Data provided:

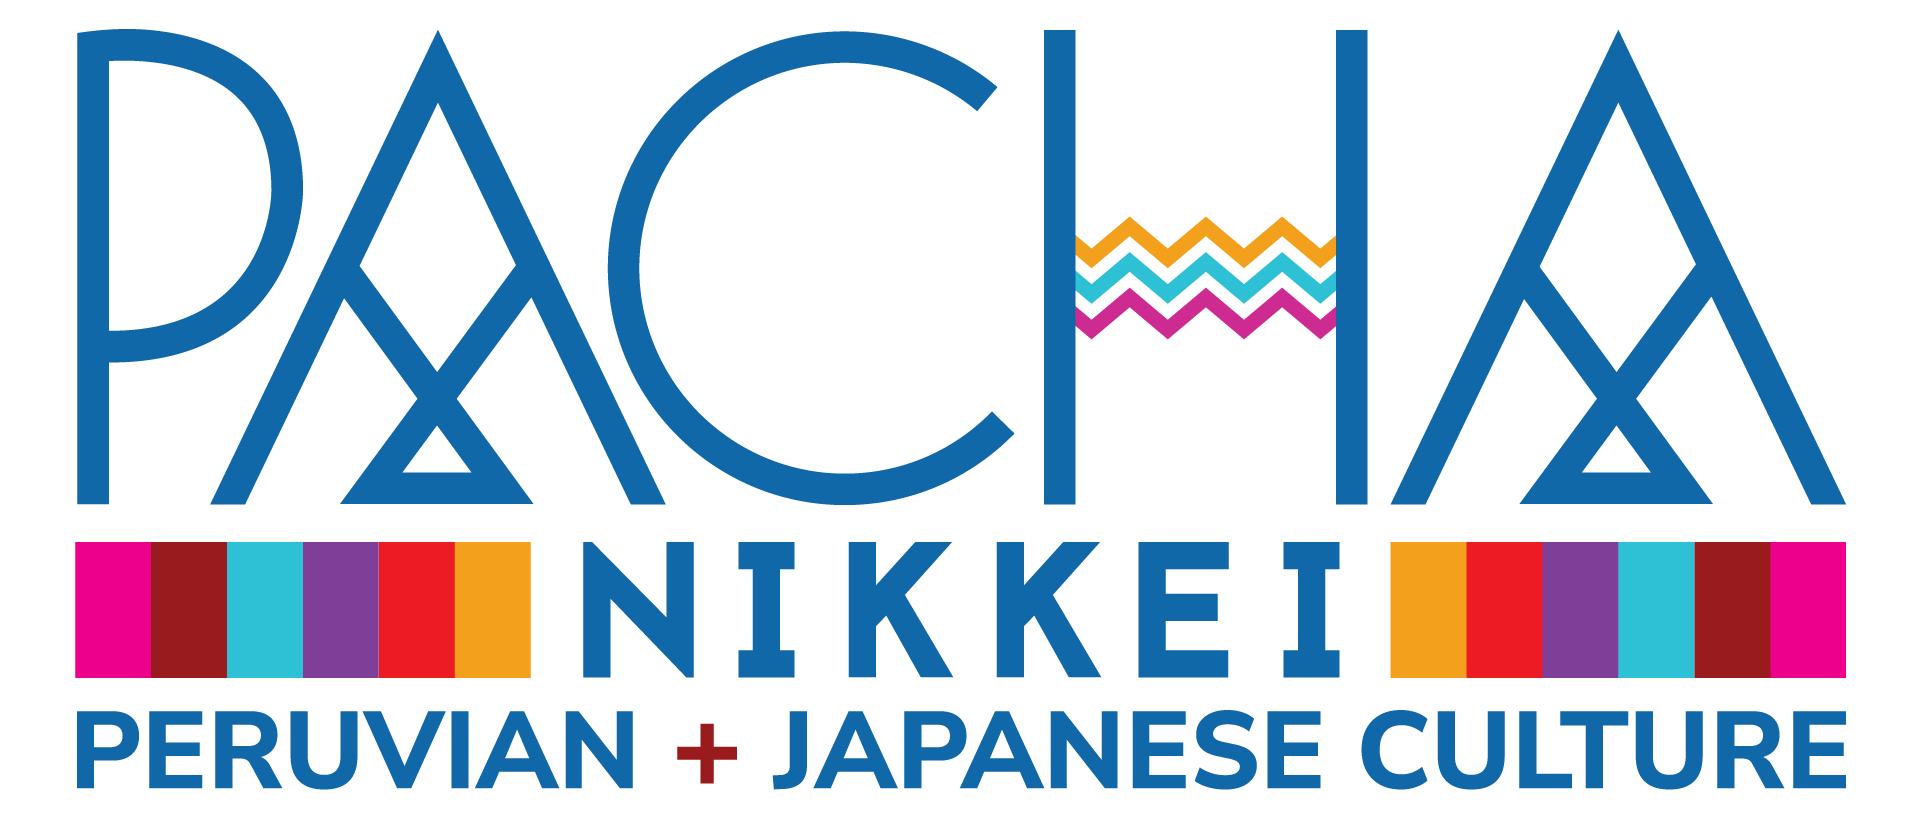 Pacha Nikki Peruvian + Japanese Culture
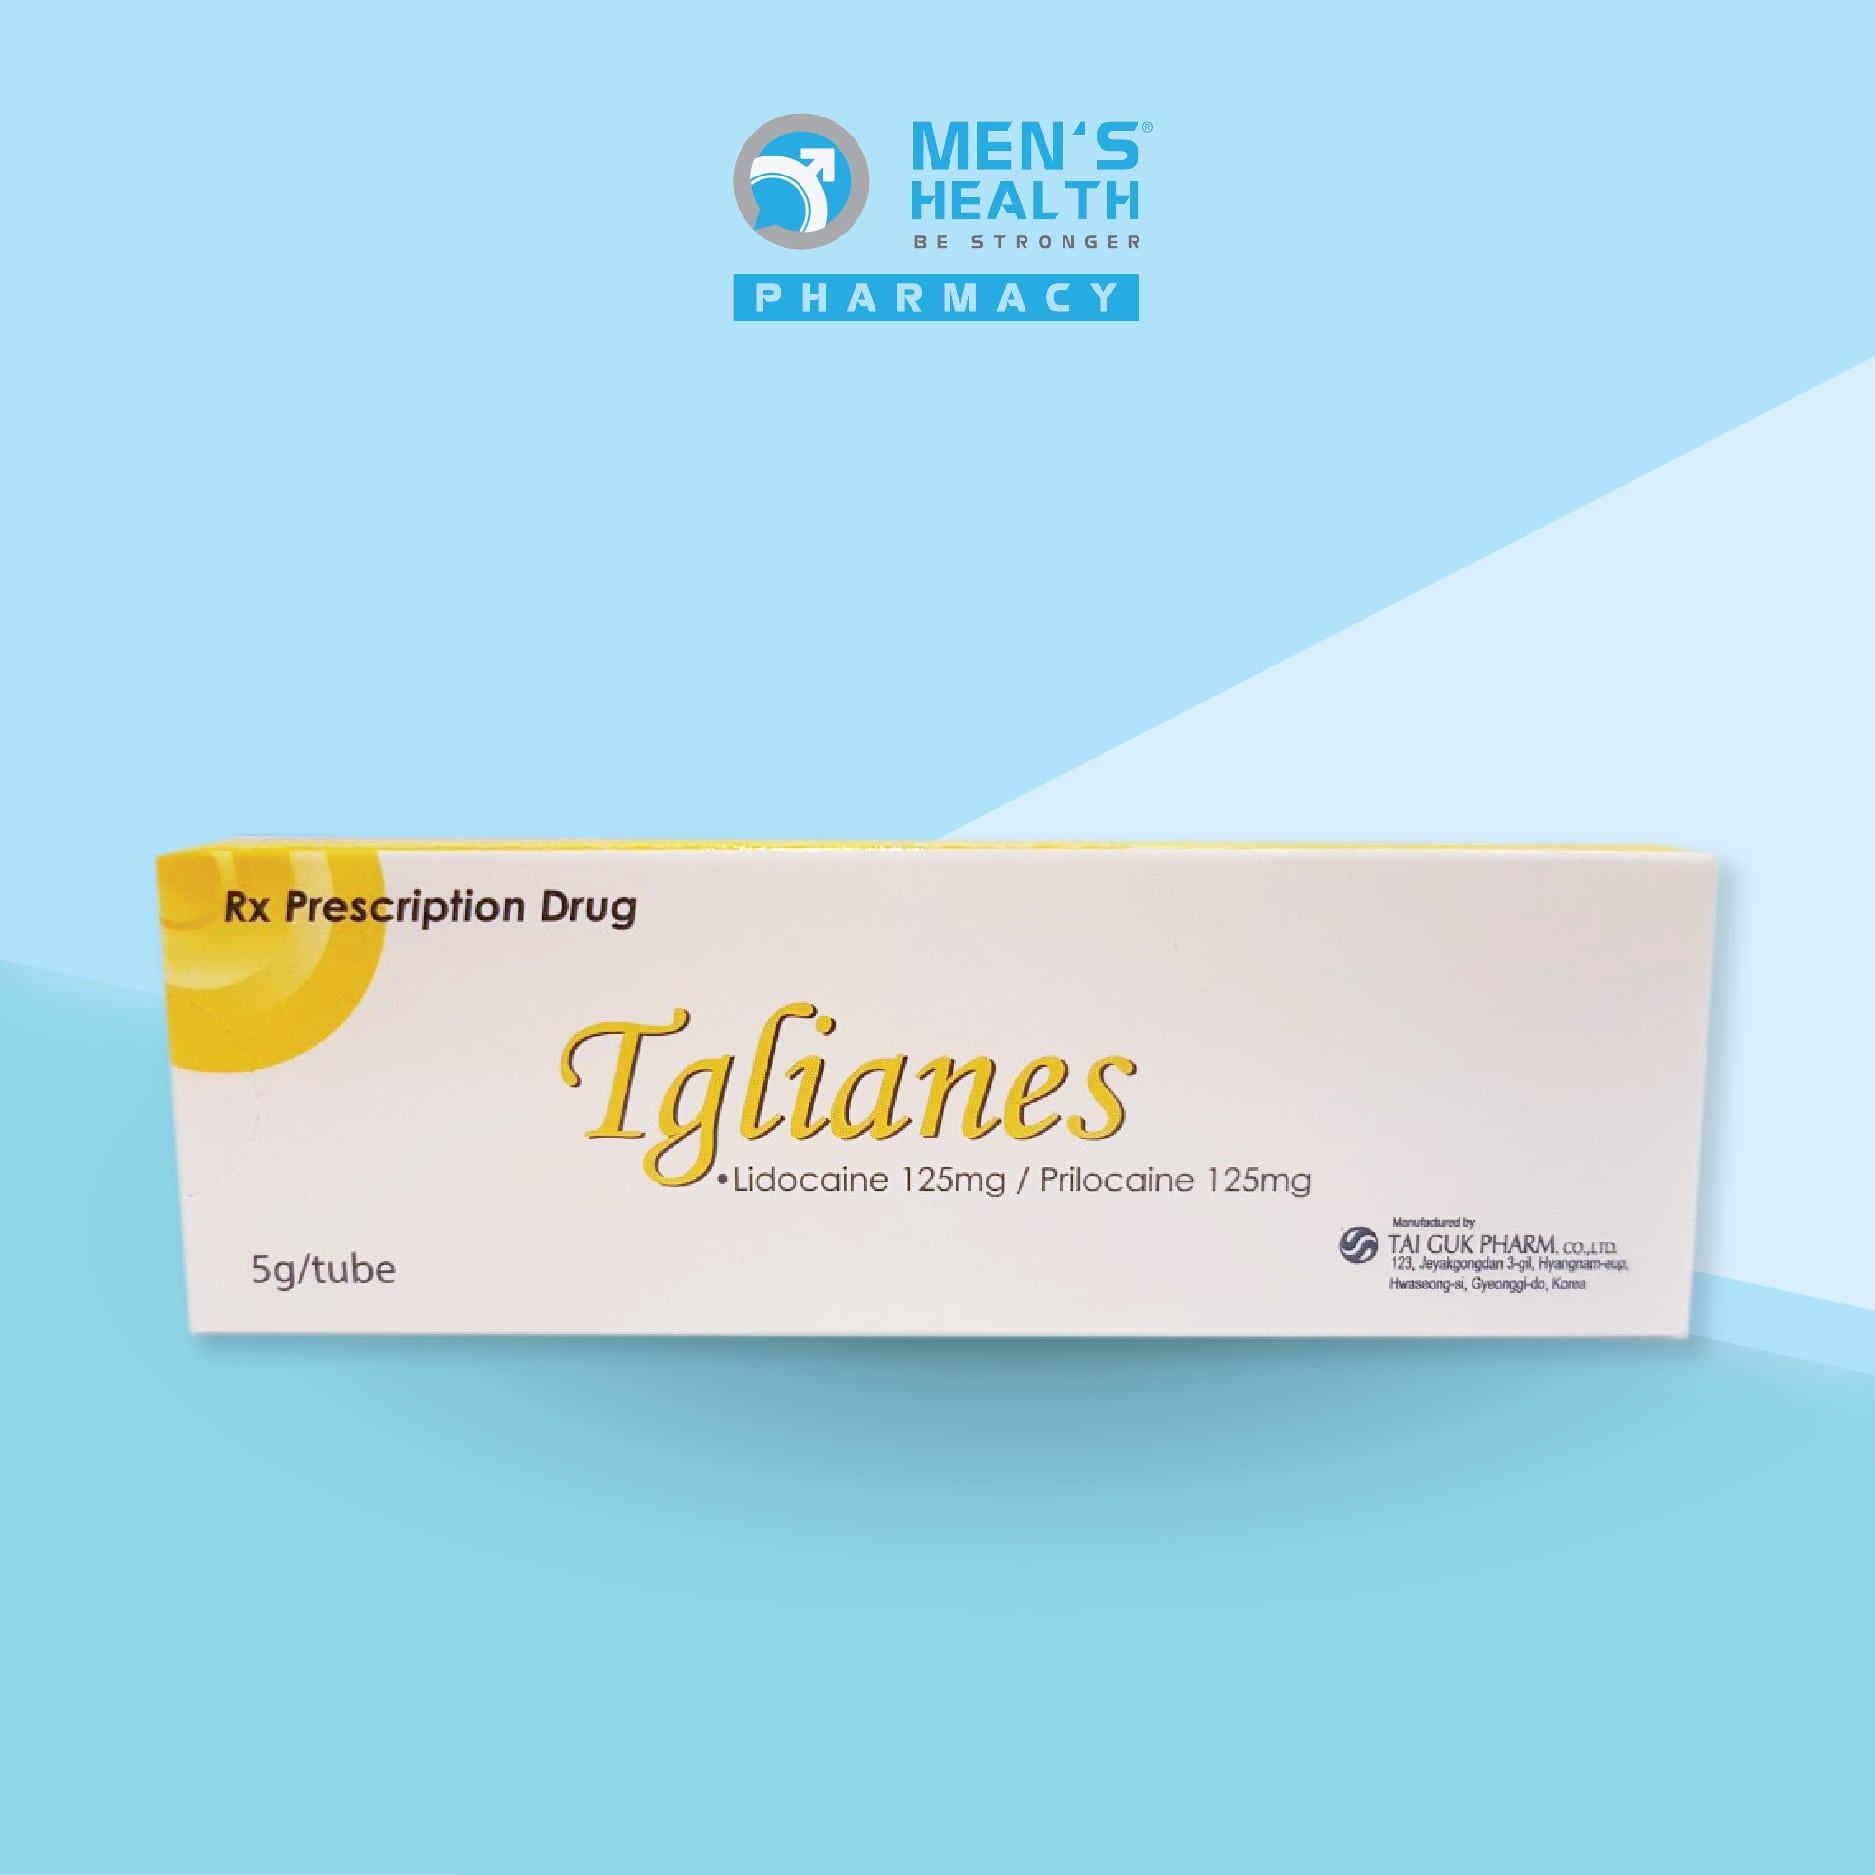 Thuốc Tglianes – Thuốc điều trị xuất tinh sớm
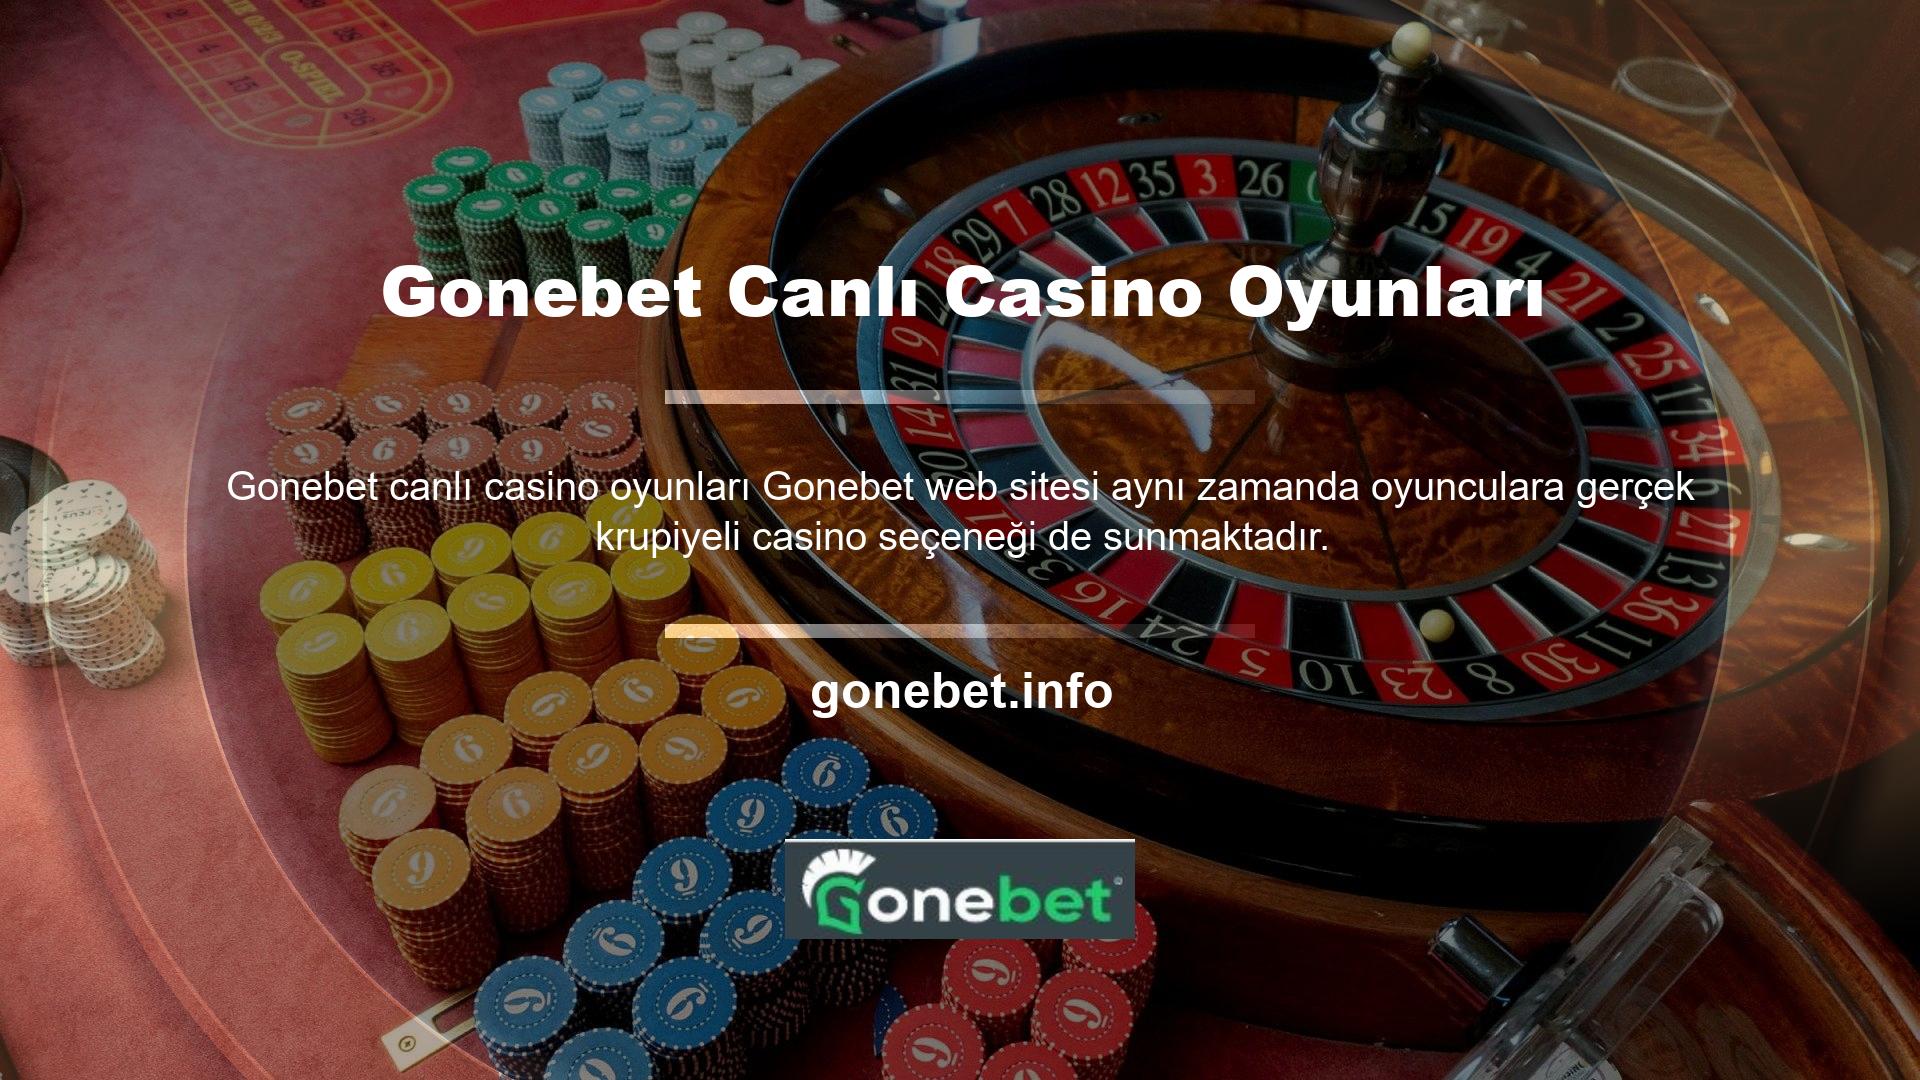 Gonebet günümüzün en güvenilir ve ünlü casinolardan biridir ve Türkiye'deki hizmetleriyle tanınmaya devam etmektedir
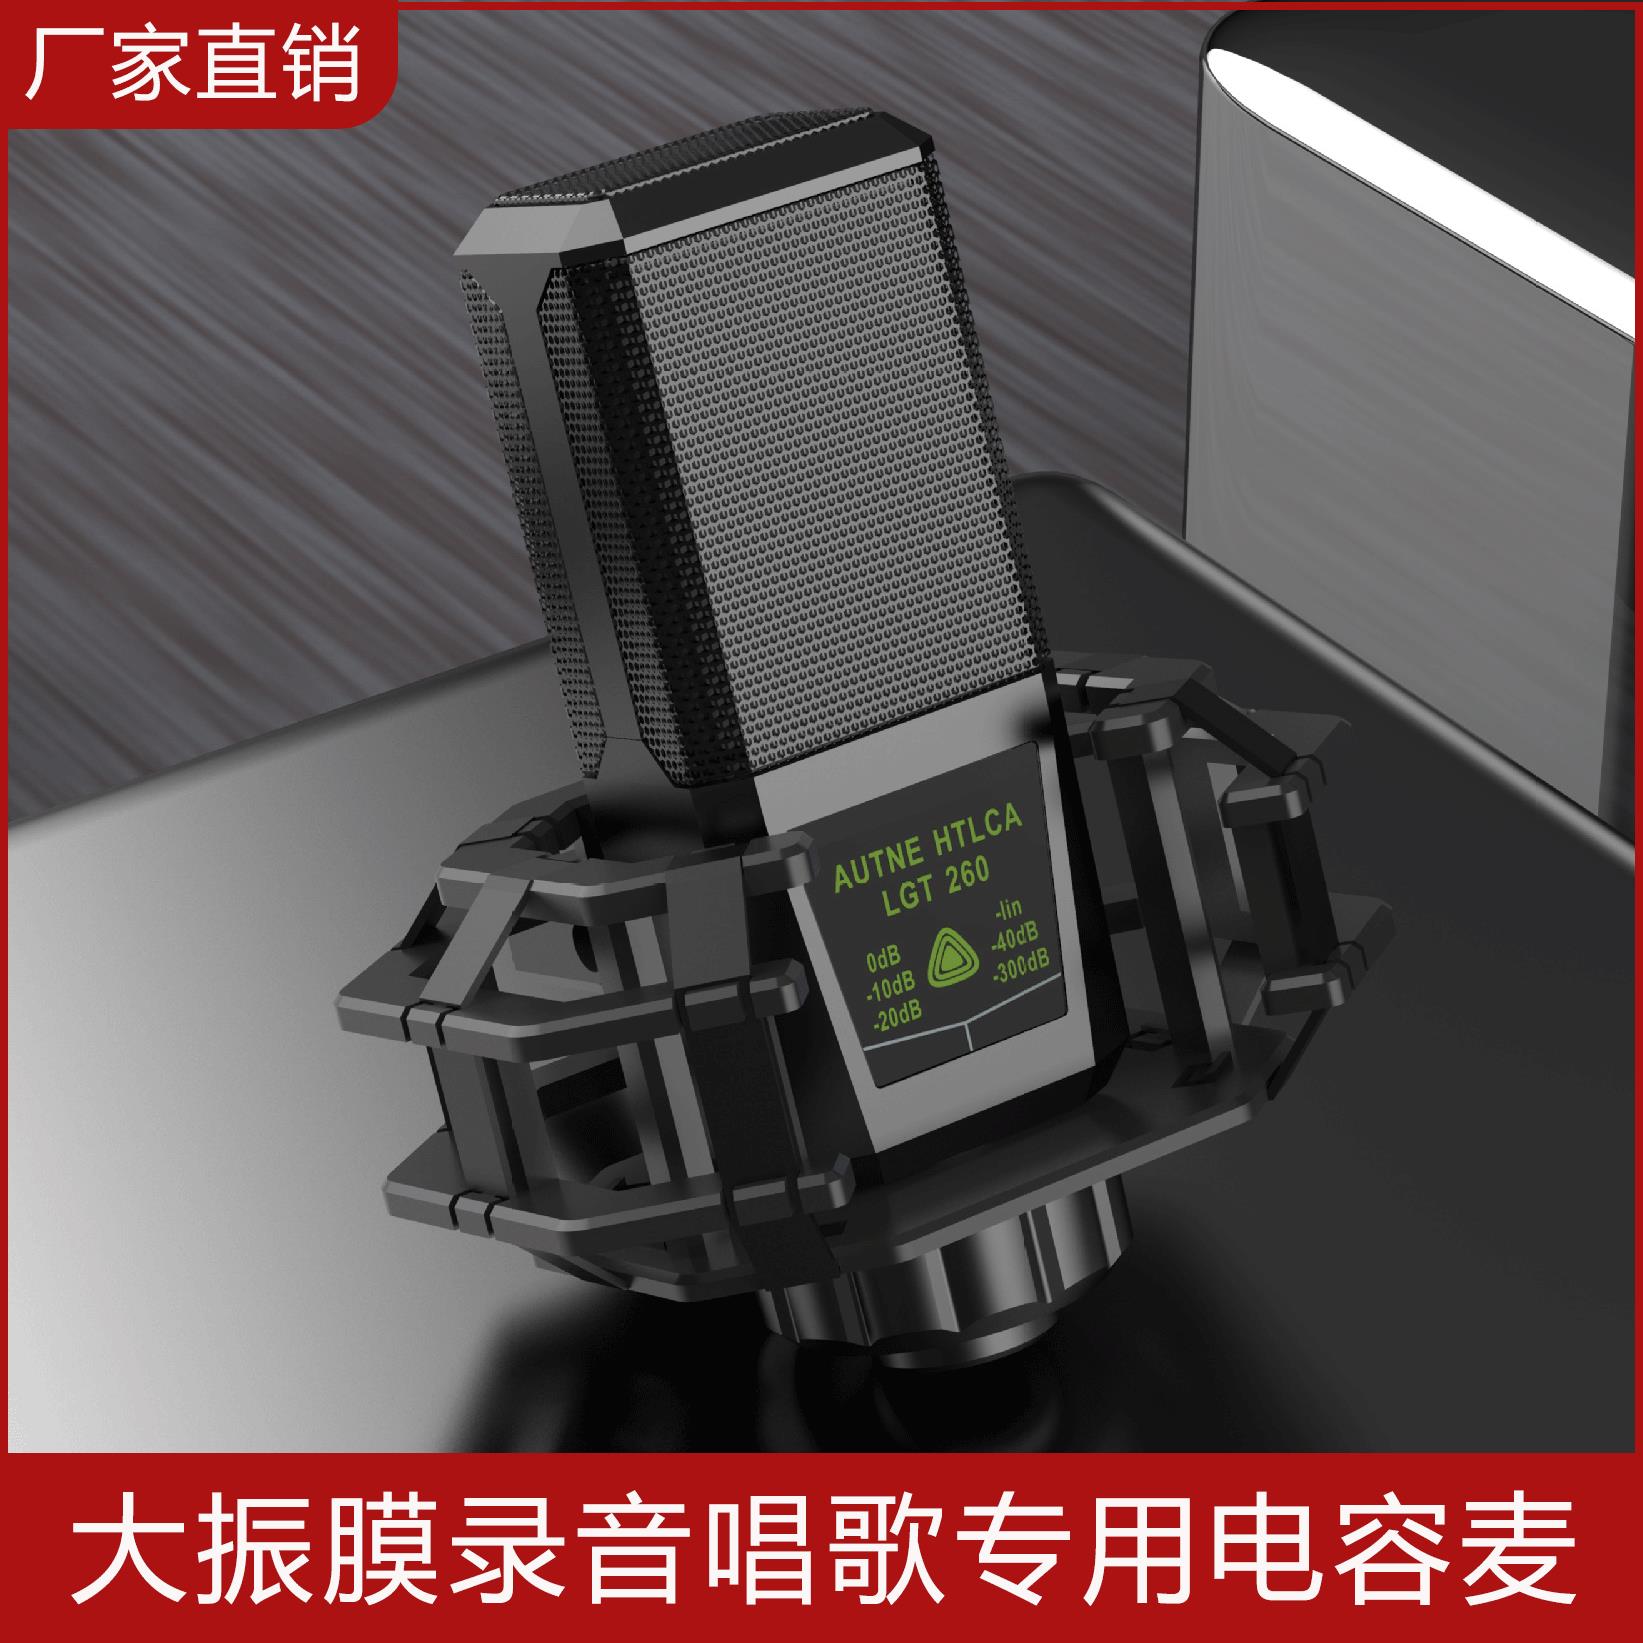 聲卡 唱歌聲卡 直播聲卡 240大振膜電容麥克風話筒K歌聲卡唱歌手機專用直播錄音網紅套裝『xy13276』

Exercise: Word for word, restate all of the material above except its pictures.

Solution to this problem:
 Pacha Nikki Peruvian + Japanese Culture
 Thuốc Tglianes – Thuốc điều trị xuất tinh sớm
 Gonebet günümüzün en güvenilir ve ünlü casinolardan biridir ve Türkiye'deki hizmetleriyle tanınmaya devam etmektedir
 聲卡 唱歌聲卡 直播聲卡 240大振膜電容麥克風話筒K歌聲卡唱歌手機專用直播錄音網紅套裝『xy13276』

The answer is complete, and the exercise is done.